John, reading the expression perfectly, rolled his eyes and smiled, reaching out to squeeze Sherlock’s hand. “Not that I believe them,” he said, and Sherlock relaxed minutely.

They all returned to their food then (or rather, Sally turned to her food, and both John and Sherlock focused back on the doctor’s plate), and barely a word was exchanged until the dirty dishes had been stacked in the sink. John settled down across the desk from Sally with his laptop, evidently typing up another case for his blog, and Sherlock dropped back down to the floor with his cuttings and notes. Once again, relative silence fell, marred only by turning pages and the steady click-click-click of John’s typing.

Eventually, Sally finished with her work and glanced at her watch, surprised to find that it was already ten-thirty. She shuffled her papers for a moment, double-checking a few things before she finally closed her folder and clicked her pen shut.

“So,” she said quietly, pulling John out of his reverie. “Am I taking the sofa, or...”

“No, no,” said John, “you can have my room. There’s not much in there - just a few winter coats and some old junk of mine. But since I’ll be sleeping in Sherlock’s bed, there’s no need for you to be uncomfortable.”

“Oh -” Sally managed to bite out, finding herself weirdly shocked by the thought not only of the freak actually sleeping, but by his having a partner, as well. “Thanks.”

John showed her up, carrying her bag for her (which Sally thought was stupidly old-fashioned and chivalrous of him, but she wasn’t complaining). He pointed out the upstairs bathroom, apologised for the thin layer of dust on the meticulously-made bed and gave her strict orders not to open the shoebox at the bottom of the wardrobe, then left her to her own devices, closing the door behind him as he headed back downstairs.

After he’d left, the room seemed empty and quiet. Sally was just digging out her iPod to drown out the silence when she realised that she’d left her pen downstairs. Dropping her things on the bed, she crept to the door.

As John came back into the living room, Sherlock was packing away his work. The manila folder was slid into a box, and scraps of paper and scribbled-out notes were shoved aside under the coffee table for later consideration.
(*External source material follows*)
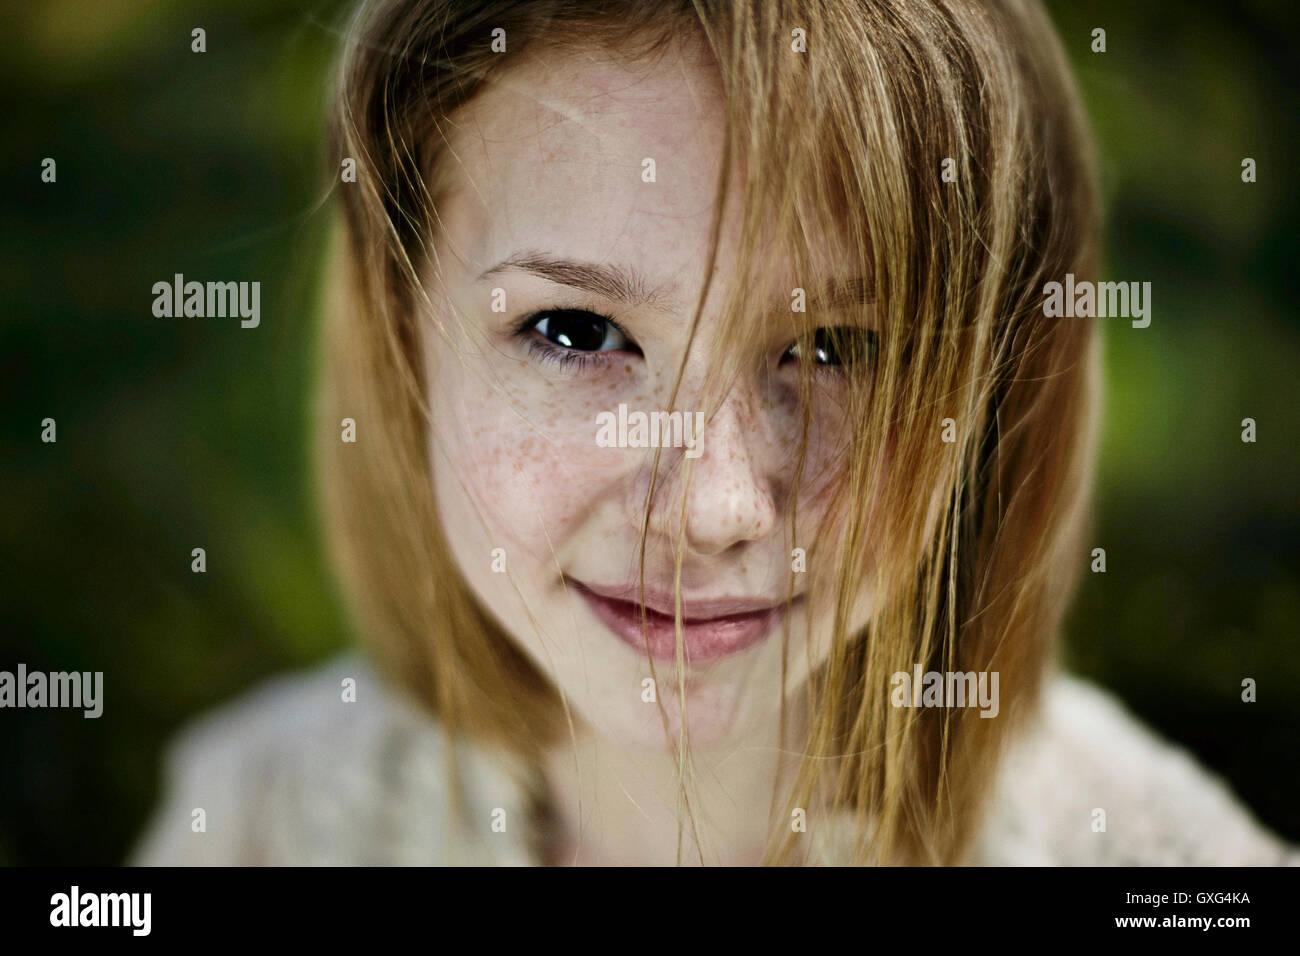 Smiling Caucasian girl with freckles Banque D'Images

The detective stood in one, smooth movement and approached John, gathering him up in a long-limbed hug, eyes shut and nose buried in the doctor’s short, mousy hair.

“John,” he breathed, his voice oddly reverent, as the smaller man wound his own arms around Sherlock’s waist and smiled.

“Contrary to popular belief,” said John, addressing Sherlock’s shoulder, “my name doesn’t count as your evening prayers.”

Sherlock snorted cynically, his breath causing a patch of John’s hair to puff up. “If, by some stroke of improbability, some deity is listening,” he said, “I’m sure they’ll accept your name as sufficient penitence for my sins.”

“Somehow, I doubt that.”

The two stood for a little while longer, holding each other in the middle of the sitting room. Eventually, Sherlock suggested they retire to bed, and John replied with a half-stifled yawn. They wandered off through the kitchen and disappeared into Sherlock’s room.

Not close enough to see them, but not far enough away to have missed their words, Sally stood frozen on the stairs.

No one had ever said anything as heartfelt as that to her.

Sherlock glanced up at the ceiling as he brushed his teeth, wondering how much Sally had heard and determining that it was most of the conversation. He found himself feeling oddly vindicated. When he joined John in their bed two point three minutes later, he was sure to wrap as much of himself around his doctor as he could, burying his face against John’s still-slightly-tanned shoulder in lieu of simply crawling inside him and revelling in the all-encompassing pounding of his stubborn little heart.